Le temps de latence entre la fin du conflit et la reconstitution des capacités des entreprises permettant
aux banques de jouer pleinement leur rôle d’intermédiation financière, est long et handicape les efforts
des entrepreneurs. C’est pourquoi sans mesures d’accompagnement les économies post-conflit auront
du mal à se relever de ces contraintes à l’investissement privé. En effet, les réponses apportées sont
souvent en deçà des besoins et compte tenu de la réponse insatisfaisante du marché bancaire et du
niveau jugé élevé du risque-pays, des efforts exceptionnels doivent être déployés pour redémarrer les
économies post-conflit.
Comment susciter voire ressusciter l’investissement privé en contexte post-conflit ? La réponse à cette
question prouve que cette problématique induit une réflexion riche et variée tant dans sa
compréhension que sa traduction en actes concrets. Dans le cas de la Guinée Bissau, l’éclairage est
intéressant dans la mesure où des réponses ont été apportées à titre expérimental.

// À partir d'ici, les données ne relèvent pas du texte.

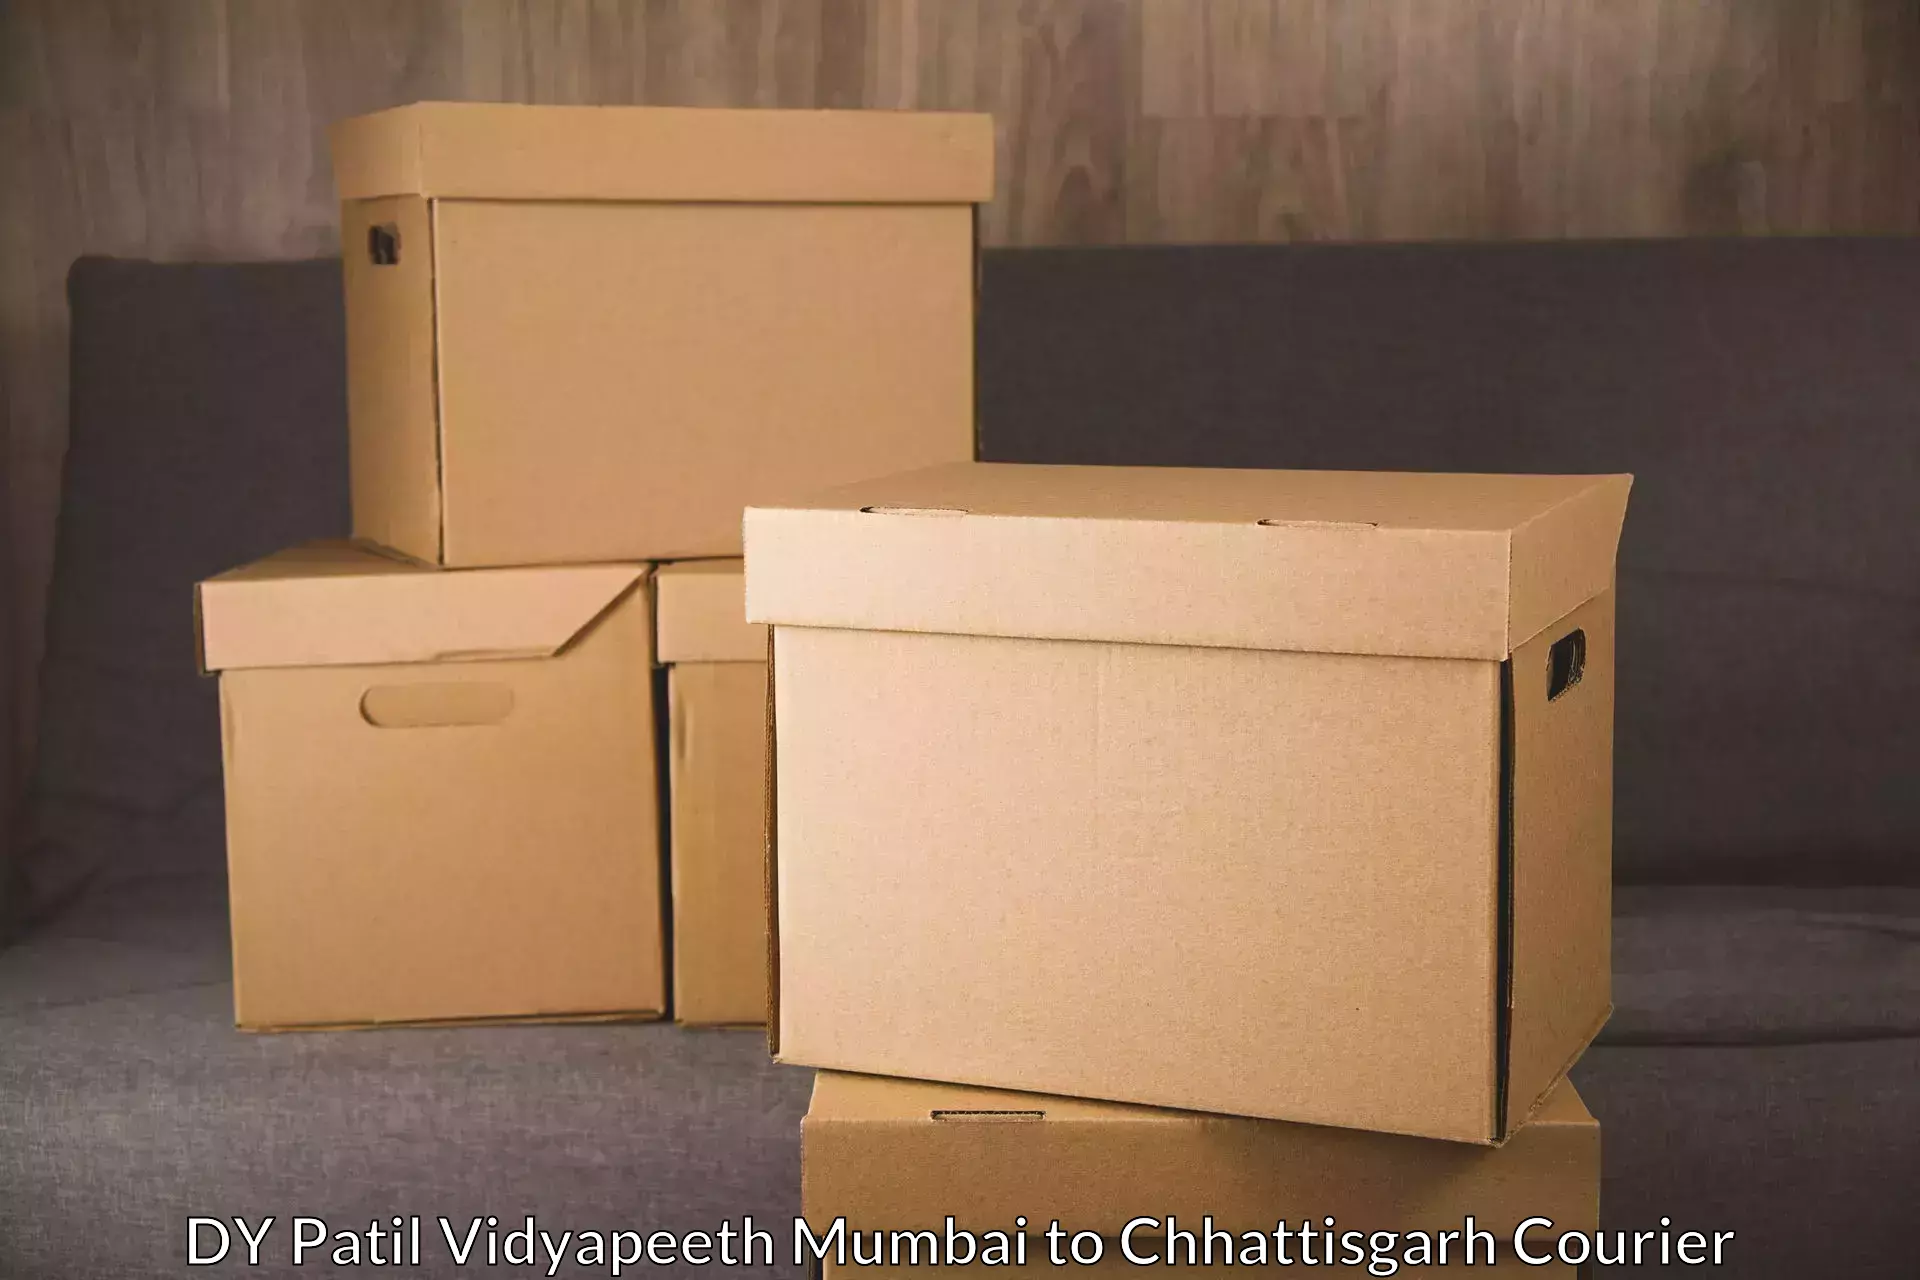 Medical delivery services in DY Patil Vidyapeeth Mumbai to Chhattisgarh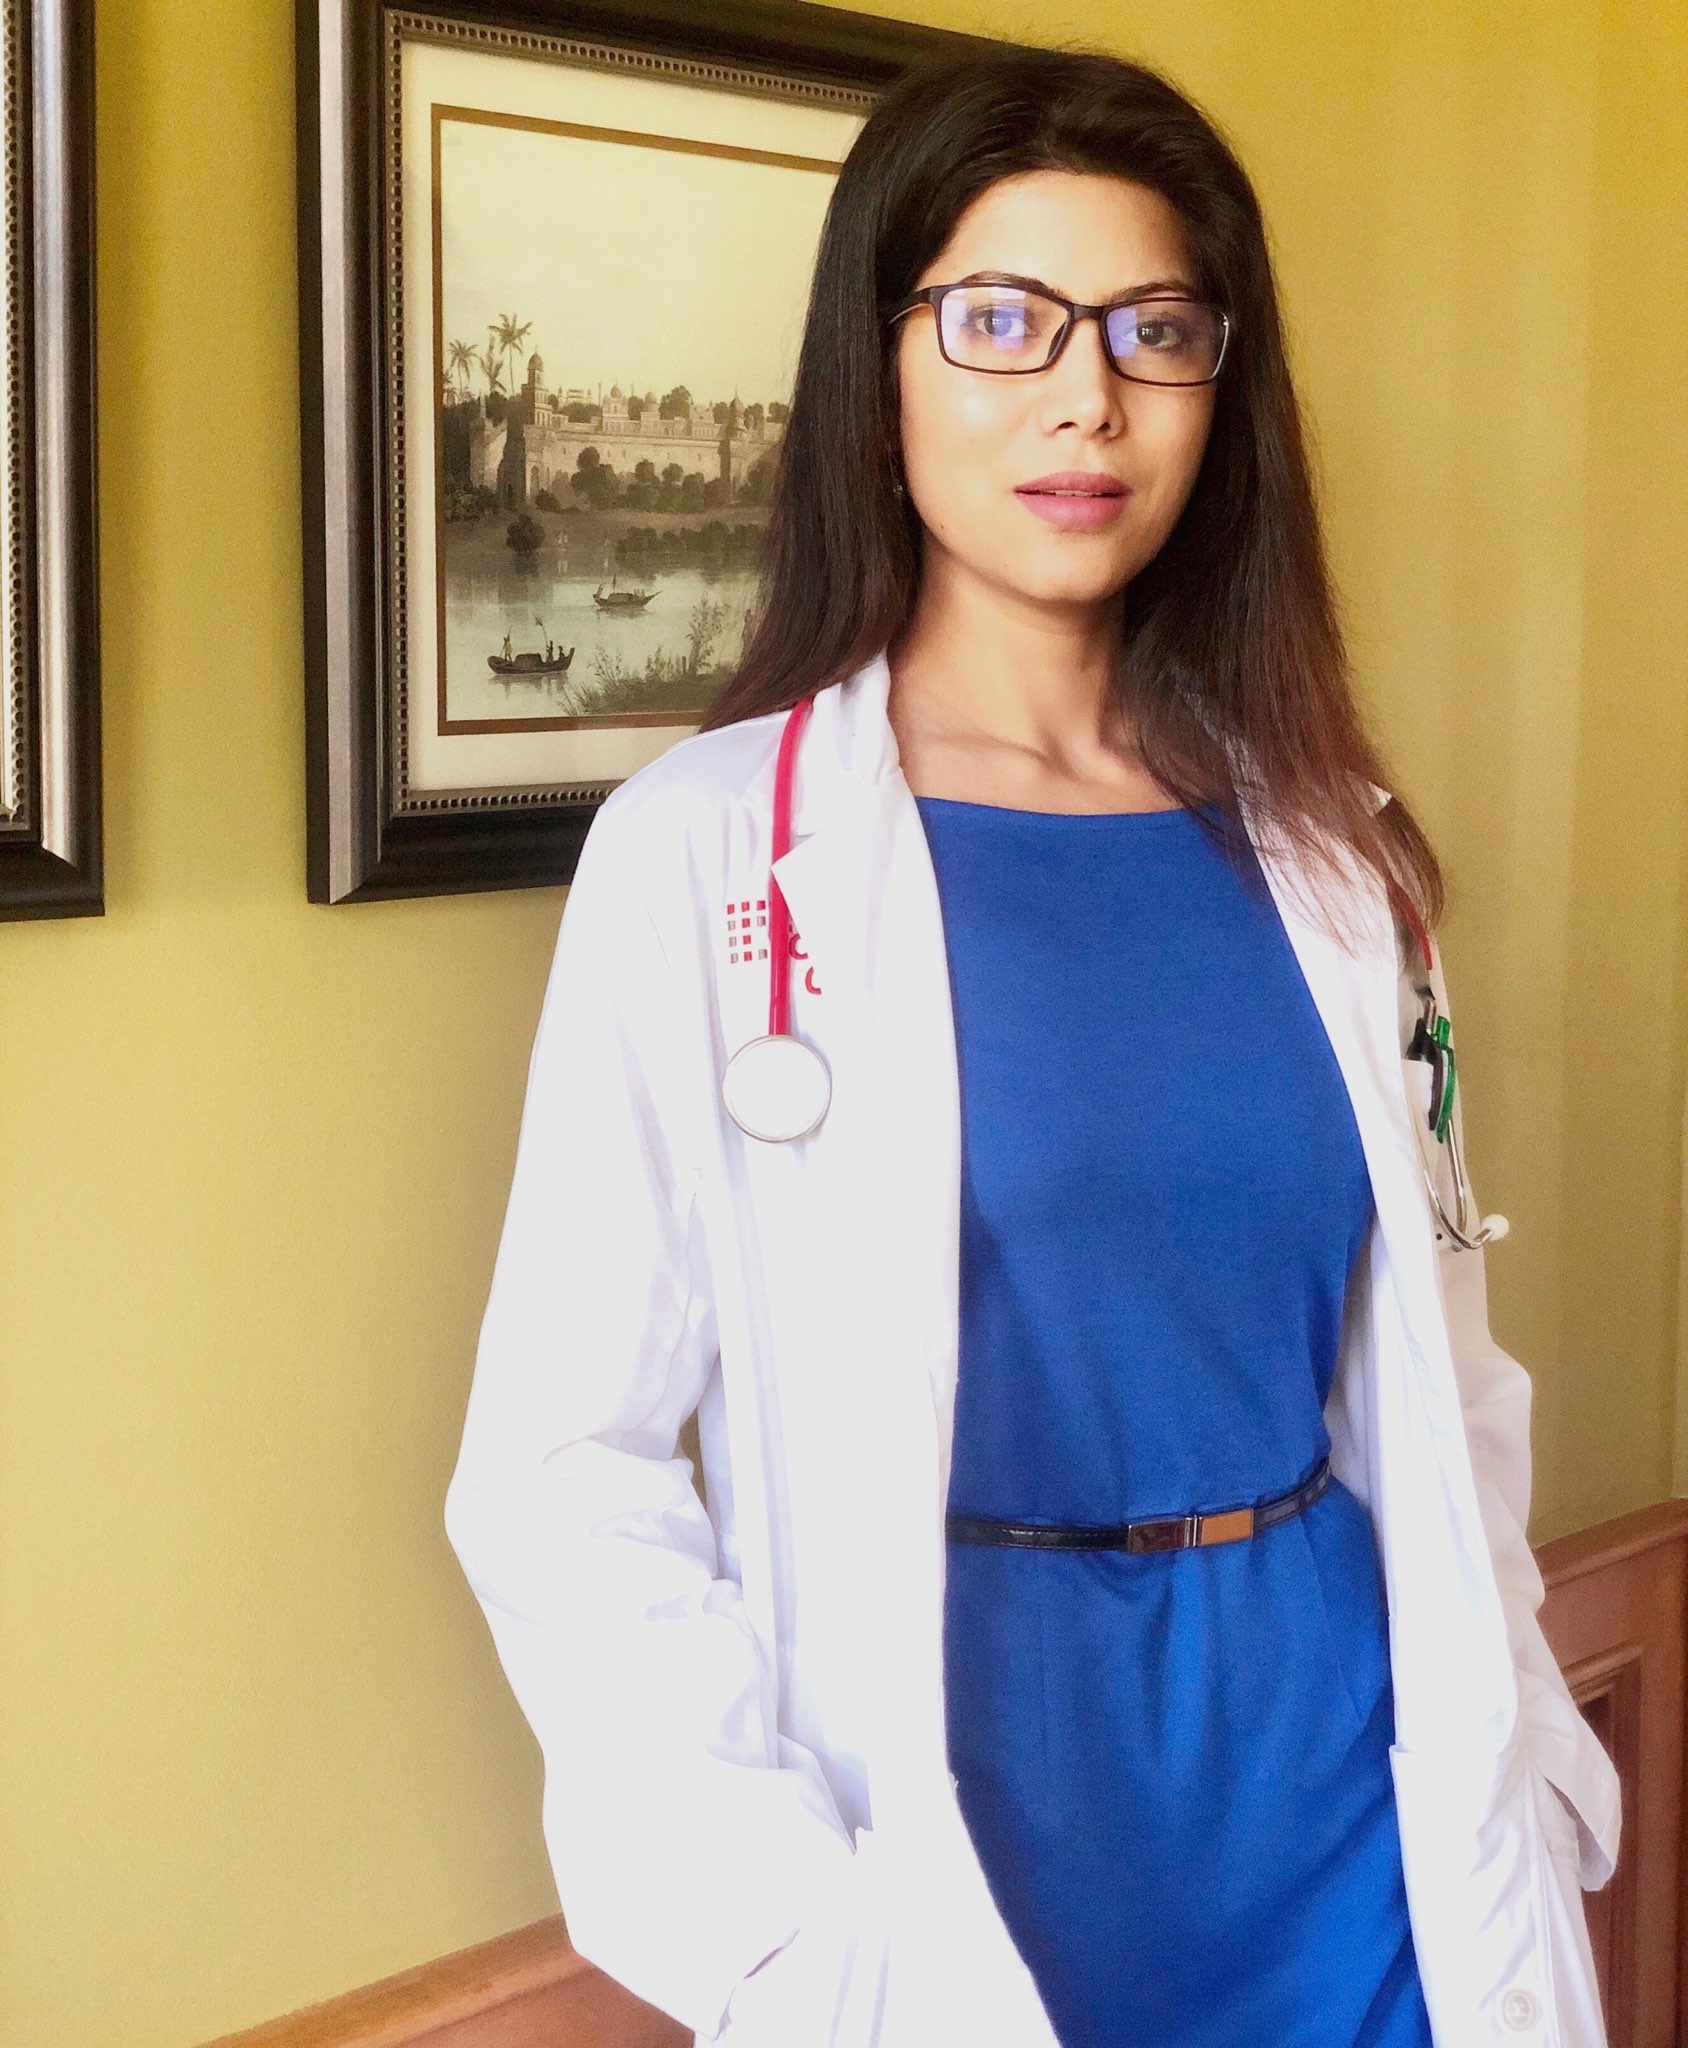 Dr. Ankita Singh Scholarship Announced: Aims to Support Future Doctors

Sur la forme du soutien à apporter à la relance de l’investissement privé, il y a d’abord une subtilité car
en analysant l’expérience pilote en cours, les concepteurs du Fonds de Coparticipation Post-Conflit
(FCPC) de Guinée Bissau (présenté lors de l’atelier de Praia) parlent de stimuler la réponse à la demande
de financement de l’investissement privé. On comprend dès lors la philosophie de ce mécanisme. Il n’a
jamais été question d’une aide directe sans conditions ou encore moins d’une compensation mais plutôt
d’un levier (pour ceux qui font l’effort de l’actionner). Il est précisé qu’il ne s’agit pas de façon simple de
restaurer ce qui était là avant le conflit mais plutôt de sélectionner des projets économiquement
productifs, entrainant des investissements additionnels en vue de contribuer significativement à la
croissance à court et moyen terme. Il s’agit aussi d’appuyer des entreprises viables qui attirent des
investissements privés additionnels ainsi que des entreprises publiques viables qui seraient en voie de
privatisation ou de liquidation, étant entendu qu’on ne finance pas d’entreprise contrôlée par l’Etat.
Enfin, il s’agit d’éviter une sélection non économique des cibles et d’éviter l’aléa moral d’où la question
de la bonne gouvernance de ce Fonds.